One troubling contention that I have recently heard is that Yeshua (Jesus) never used His Father’s actual name, Yehovah (Jehovah; the Tetragrammaton). In my opinion it is an assertion that is impossible to establish, and most likely is not true for some good reasons.
The main reason why I find it troubling is that in order to say he never used His Father’s name you pretty much have to say that he followed the traditions of “the scribes and Pharisees” i.e. the rabbinical leaders of His time, however when you read the gospels you find Yeshua in continual contention with the Pharisees over their traditions. They were replacing the commandments of Elohim (God) with their traditions for which Yeshua always reproved them. Given His criticism of the leaders of the Jews, which ultimately led them to crucifying him, I believe it is ludicrous to say he followed this tradition. I will deal more thoroughly with the subject of Yeshua’s division with the Jewish leadership over their traditions in a future post.
The strongest argument I find that Yeshua actually used His Father’s name is that Matthew 23.37-39. Here in this verse he is mourning over the nation of Israel’s rejection of Him:
Mat 23:37-39 KJV
(37) O Jerusalem, Jerusalem, thou that killest the prophets, and stonest them which are sent unto thee, how often would I have gathered thy children together, even as a hen gathereth her chickens under her wings, and ye would not!
(38) Behold, your house is left unto you desolate.
(39) For I say unto you, Ye shall not see me henceforth, till ye shall say, Blessed is he that cometh in the name of the Lord (Yehovah).
In verse 39 he is actually a quote from Psalm 118.26:
Psa 118:26 KJV
(26) Blessed be he that cometh in the name of the LORD (Yehovah): we have blessed you out of the house of the LORD (Yehovah).
Here are several things that I have observed concerning this quote that indicate he actually used the name of Yehovah.
1. Hebrew was most likely Yeshua’s native language:
The Brit Chadashah (New Testament) is written in Greek, but Yeshua’s language was almost certainly NOT Greek, but Hebrew and Aramaic. He would have certainly known and understood the language of the Tanakh. In Luke 4.17-18 when he was in his home synagogue we see him reading from the scroll of the prophet Isaiah in his home synagogue.

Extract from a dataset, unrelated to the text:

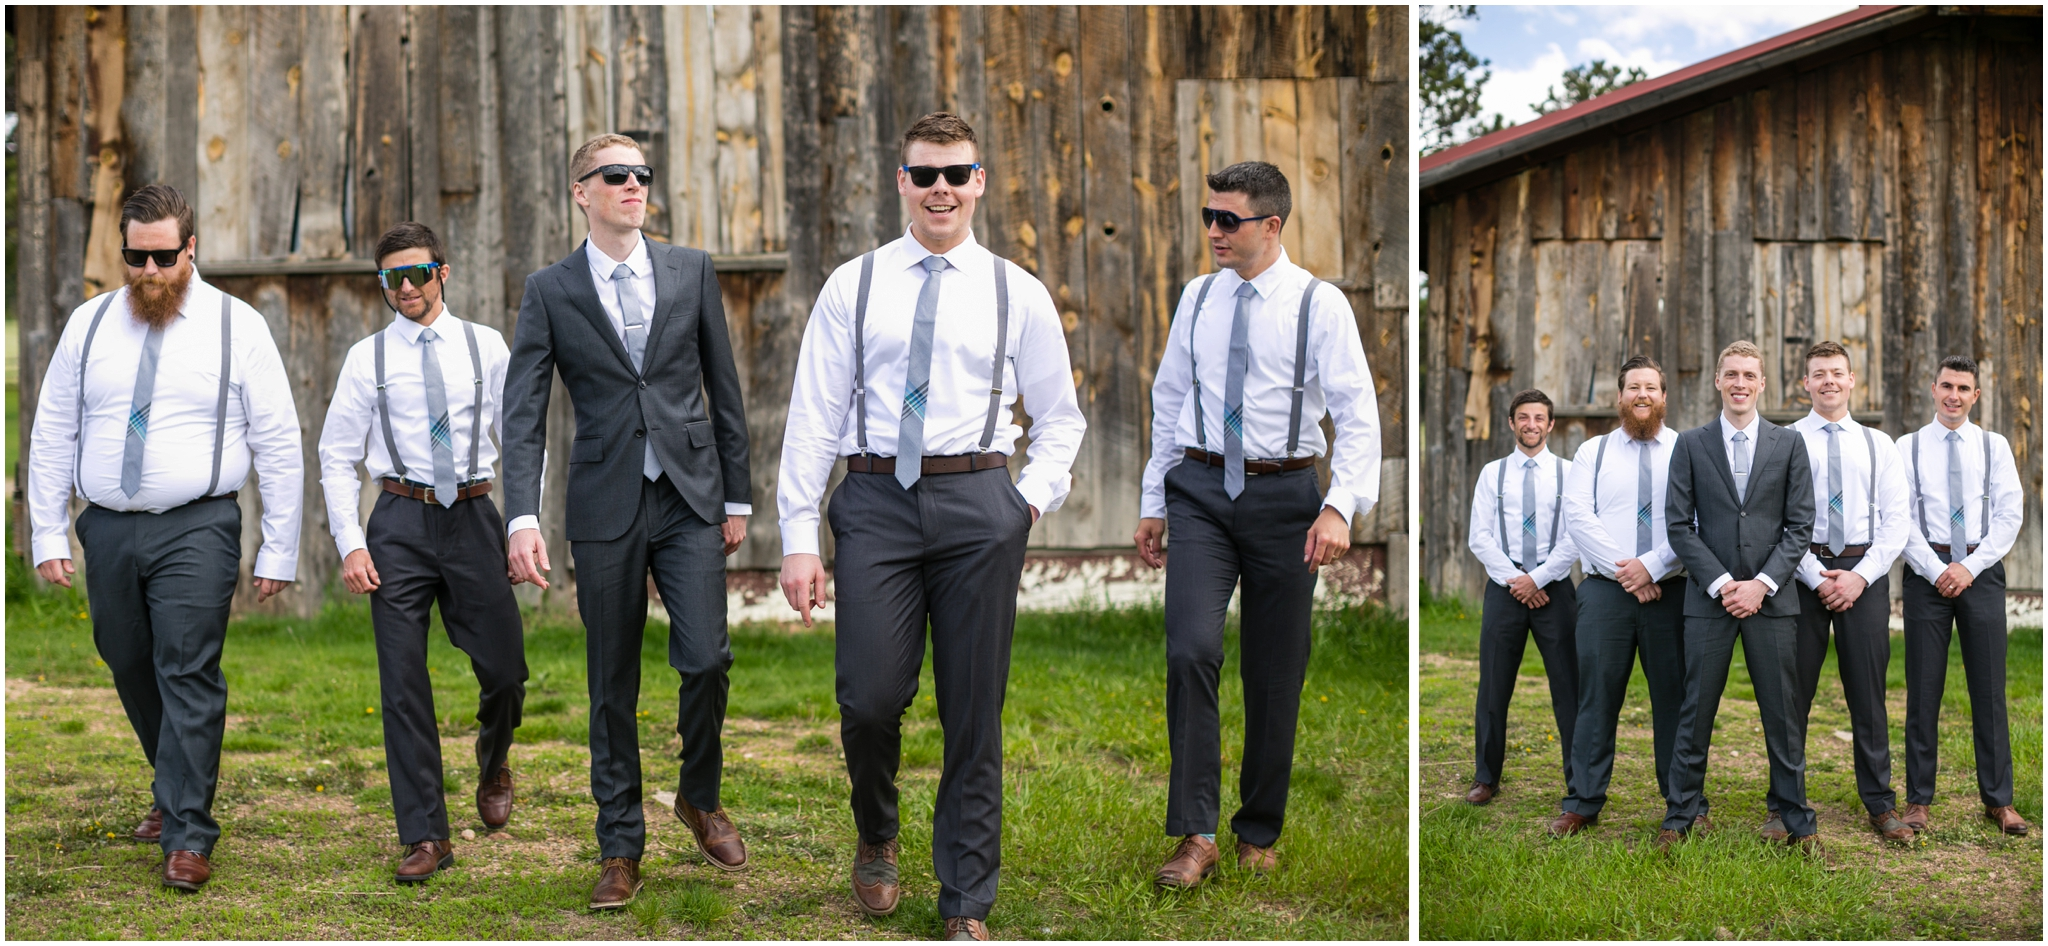 Evergreen_Barn_Wedding_Photographers_Groomsmen.JPG

One corroboration from scripture to establish Hebrew as the main language of the Jews is an event that happened to the Apostle Paul. When he was being attacked by the crowds in the temple, and wanted to get the attention of those attacking him he spoke in Hebrew, which caused them to be silent and listen (Acts 22.1-2).
So when Yeshua taught and spoke of the scripture he was using the language of the scripture, Hebrew and Aramaic.
2. We know the actual name was used in the text of Psalm 118.26:
When we look into the text of the Psalm there is no doubt what word is used for the Father’s name; it is Yehovah (Yod-Hey-Vav-Hey). As a matter of fact the testimony of the whole of the Tanakh is to use The Name. It is used more than 6,000 times even in the Massoretic Hebrew text. If there is a problem with pronouncing the name of Yehovah then why is it recorded in His Word over and over.
3. If Yeshua did not use Elohim’s name he would be guilty of misquoting scripture:
If He did NOT use His Father’s name he would be guilty of misquoting the scripture by substituting a word not used in the in the text.
4. If Yeshua did not use Elohim’s name he could not fulfil all the commandments:
In order to be a perfect substitute for our sins He had to obey the Torah (Law) in every respect. Since we are commanded to call upon, swear by, and bless in the name of Yehovah he would have been disobeying these commandment NOT to use His Name, which would disqualify Him as the perfect sacrifice.
5. By using another word for the name of Elohim you may very well change the intended meaning of the verse:
If Yeshua quoted the verse as saying “Blessed is he that cometh in the name of ‘Adonai’ or ‘the LORD'”, you could infer that he was saying they would not see him again until they were ready to welcome him back again.
If Yeshua quoted the verse as saying, “Blessed is he that cometh in the name of Yehovah”, it conveys a much different meaning in the context of Yeshua’s relationship with the religious leaders. By actually using Elohim’s name he could be saying, “You won’t see me again until you abandon your man-made tradition of not saying Elohim’s name, and beginning to sanctify His name by actually blessing by the name of Yehovah”.
6. To assert that Yeshua did not know His Father’s name is ridiculous:
One of the main reason for substituting a title such as Adonai or The Lord for the name of Elohim is that we do not we do not know how to pronounce the name of Elohim, however it is totally ridiculous to say that Yeshua, Elohim’s only begotten son, did not know how to pronounce His own Father’s name.